Records from a data source

# # # #

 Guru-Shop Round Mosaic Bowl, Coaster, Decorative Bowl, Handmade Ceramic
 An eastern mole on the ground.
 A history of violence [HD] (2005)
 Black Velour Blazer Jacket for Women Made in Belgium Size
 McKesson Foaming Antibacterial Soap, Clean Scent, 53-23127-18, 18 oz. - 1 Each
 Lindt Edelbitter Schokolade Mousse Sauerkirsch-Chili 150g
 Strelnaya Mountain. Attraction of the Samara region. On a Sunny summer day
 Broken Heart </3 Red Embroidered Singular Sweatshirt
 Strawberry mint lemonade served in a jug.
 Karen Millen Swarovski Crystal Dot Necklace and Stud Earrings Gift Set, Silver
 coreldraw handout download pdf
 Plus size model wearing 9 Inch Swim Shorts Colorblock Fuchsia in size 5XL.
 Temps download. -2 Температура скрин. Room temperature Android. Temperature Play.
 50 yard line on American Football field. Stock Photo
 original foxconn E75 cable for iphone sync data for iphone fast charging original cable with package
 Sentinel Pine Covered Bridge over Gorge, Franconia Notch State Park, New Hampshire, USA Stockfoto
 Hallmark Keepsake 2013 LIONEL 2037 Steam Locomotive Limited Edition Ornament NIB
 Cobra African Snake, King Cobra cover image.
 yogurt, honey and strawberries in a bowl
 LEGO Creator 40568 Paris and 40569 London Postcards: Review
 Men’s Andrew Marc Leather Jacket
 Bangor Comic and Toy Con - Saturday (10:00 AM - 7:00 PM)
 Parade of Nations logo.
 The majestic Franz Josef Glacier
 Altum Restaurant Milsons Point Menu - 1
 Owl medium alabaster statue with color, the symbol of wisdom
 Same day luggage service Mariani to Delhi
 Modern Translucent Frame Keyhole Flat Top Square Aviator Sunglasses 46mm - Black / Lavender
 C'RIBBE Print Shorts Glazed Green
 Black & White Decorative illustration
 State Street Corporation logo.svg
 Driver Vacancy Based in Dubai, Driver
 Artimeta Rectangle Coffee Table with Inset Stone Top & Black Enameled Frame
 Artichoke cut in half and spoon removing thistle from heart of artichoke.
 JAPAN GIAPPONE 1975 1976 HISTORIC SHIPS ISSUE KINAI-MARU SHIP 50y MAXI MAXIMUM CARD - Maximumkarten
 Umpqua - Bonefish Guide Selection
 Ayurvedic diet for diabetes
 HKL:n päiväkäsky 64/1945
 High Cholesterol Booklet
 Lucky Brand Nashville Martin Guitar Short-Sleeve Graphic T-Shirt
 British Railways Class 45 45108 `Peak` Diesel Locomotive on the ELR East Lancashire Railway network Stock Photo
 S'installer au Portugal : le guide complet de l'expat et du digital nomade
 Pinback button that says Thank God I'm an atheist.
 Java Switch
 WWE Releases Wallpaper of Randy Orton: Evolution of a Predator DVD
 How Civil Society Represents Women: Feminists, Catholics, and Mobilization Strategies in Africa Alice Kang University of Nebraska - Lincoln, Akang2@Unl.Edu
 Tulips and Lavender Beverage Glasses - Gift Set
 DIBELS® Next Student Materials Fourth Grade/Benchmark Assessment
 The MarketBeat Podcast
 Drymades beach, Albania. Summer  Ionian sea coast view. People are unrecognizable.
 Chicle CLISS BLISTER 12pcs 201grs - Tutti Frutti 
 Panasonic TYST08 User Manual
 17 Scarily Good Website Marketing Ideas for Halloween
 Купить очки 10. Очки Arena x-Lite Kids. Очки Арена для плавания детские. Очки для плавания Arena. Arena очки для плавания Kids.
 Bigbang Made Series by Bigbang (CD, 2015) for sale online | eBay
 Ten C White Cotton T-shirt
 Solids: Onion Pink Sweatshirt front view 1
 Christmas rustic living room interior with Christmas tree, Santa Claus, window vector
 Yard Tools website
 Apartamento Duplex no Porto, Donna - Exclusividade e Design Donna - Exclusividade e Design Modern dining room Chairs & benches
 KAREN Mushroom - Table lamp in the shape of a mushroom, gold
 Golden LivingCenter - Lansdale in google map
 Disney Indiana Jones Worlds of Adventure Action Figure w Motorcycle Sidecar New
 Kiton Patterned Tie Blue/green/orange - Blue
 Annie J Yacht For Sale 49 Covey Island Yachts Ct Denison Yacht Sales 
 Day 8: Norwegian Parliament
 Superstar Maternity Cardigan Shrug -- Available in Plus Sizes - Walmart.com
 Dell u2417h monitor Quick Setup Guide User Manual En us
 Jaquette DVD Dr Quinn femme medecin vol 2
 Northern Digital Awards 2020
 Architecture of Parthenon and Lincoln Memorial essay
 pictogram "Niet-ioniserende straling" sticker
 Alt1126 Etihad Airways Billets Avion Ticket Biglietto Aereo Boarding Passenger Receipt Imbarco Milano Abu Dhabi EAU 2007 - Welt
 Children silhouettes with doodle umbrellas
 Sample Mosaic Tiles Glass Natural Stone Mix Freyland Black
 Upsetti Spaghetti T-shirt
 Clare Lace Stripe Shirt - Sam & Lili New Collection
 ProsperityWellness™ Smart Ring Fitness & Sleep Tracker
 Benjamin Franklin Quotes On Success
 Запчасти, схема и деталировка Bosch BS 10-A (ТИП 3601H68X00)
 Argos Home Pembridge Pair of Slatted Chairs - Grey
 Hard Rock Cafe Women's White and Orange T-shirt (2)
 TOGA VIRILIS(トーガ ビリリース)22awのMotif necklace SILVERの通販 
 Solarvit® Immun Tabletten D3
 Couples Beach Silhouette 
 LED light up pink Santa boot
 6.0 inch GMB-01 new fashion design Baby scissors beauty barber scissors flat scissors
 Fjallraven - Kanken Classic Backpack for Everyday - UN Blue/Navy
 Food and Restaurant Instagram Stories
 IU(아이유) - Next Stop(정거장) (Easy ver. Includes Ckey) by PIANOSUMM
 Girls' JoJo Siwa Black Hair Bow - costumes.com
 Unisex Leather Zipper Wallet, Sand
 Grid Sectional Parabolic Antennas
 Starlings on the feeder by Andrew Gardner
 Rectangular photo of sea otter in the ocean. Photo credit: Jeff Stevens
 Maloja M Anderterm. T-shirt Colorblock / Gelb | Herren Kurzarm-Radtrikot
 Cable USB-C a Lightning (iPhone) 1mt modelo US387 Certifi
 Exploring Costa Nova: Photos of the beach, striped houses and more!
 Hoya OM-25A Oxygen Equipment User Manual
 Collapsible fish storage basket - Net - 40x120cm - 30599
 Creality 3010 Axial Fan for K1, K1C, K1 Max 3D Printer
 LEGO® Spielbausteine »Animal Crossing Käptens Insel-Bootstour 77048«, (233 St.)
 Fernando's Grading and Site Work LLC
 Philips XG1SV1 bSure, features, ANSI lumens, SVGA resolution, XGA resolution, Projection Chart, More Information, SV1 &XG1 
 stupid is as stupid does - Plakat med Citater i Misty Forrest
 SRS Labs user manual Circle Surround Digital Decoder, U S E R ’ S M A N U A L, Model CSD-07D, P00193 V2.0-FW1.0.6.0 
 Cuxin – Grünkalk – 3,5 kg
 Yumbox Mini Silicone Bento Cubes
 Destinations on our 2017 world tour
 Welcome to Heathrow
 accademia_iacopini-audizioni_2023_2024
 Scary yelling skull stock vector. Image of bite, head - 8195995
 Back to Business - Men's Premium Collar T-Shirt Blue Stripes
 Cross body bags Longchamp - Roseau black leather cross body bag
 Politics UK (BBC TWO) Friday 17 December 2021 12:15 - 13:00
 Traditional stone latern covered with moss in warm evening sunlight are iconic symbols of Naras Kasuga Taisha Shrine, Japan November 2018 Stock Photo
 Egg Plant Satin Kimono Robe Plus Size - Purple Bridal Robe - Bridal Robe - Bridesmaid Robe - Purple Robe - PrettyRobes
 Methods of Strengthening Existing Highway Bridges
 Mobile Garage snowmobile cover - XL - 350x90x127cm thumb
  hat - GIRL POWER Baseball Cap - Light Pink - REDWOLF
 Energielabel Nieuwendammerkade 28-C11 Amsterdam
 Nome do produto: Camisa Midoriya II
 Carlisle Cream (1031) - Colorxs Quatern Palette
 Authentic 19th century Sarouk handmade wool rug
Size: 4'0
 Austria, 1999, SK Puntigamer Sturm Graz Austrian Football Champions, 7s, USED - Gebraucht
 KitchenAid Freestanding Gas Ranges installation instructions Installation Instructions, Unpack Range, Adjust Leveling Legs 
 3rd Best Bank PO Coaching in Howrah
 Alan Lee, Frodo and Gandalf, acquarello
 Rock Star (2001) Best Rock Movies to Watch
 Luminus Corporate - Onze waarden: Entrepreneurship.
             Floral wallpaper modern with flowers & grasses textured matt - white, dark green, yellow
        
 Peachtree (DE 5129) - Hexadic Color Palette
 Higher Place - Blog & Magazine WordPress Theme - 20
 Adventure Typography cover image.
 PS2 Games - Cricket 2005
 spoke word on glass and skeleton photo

# # # #

- [Work item]:
Your task is to quote, without any alteration, the lines running from the top of the records to the line that holds "Bangor Comic and", both included.

- [Exercise output]:
 Guru-Shop Round Mosaic Bowl, Coaster, Decorative Bowl, Handmade Ceramic
 An eastern mole on the ground.
 A history of violence [HD] (2005)
 Black Velour Blazer Jacket for Women Made in Belgium Size
 McKesson Foaming Antibacterial Soap, Clean Scent, 53-23127-18, 18 oz. - 1 Each
 Lindt Edelbitter Schokolade Mousse Sauerkirsch-Chili 150g
 Strelnaya Mountain. Attraction of the Samara region. On a Sunny summer day
 Broken Heart </3 Red Embroidered Singular Sweatshirt
 Strawberry mint lemonade served in a jug.
 Karen Millen Swarovski Crystal Dot Necklace and Stud Earrings Gift Set, Silver
 coreldraw handout download pdf
 Plus size model wearing 9 Inch Swim Shorts Colorblock Fuchsia in size 5XL.
 Temps download. -2 Температура скрин. Room temperature Android. Temperature Play.
 50 yard line on American Football field. Stock Photo
 original foxconn E75 cable for iphone sync data for iphone fast charging original cable with package
 Sentinel Pine Covered Bridge over Gorge, Franconia Notch State Park, New Hampshire, USA Stockfoto
 Hallmark Keepsake 2013 LIONEL 2037 Steam Locomotive Limited Edition Ornament NIB
 Cobra African Snake, King Cobra cover image.
 yogurt, honey and strawberries in a bowl
 LEGO Creator 40568 Paris and 40569 London Postcards: Review
 Men’s Andrew Marc Leather Jacket
 Bangor Comic and Toy Con - Saturday (10:00 AM - 7:00 PM)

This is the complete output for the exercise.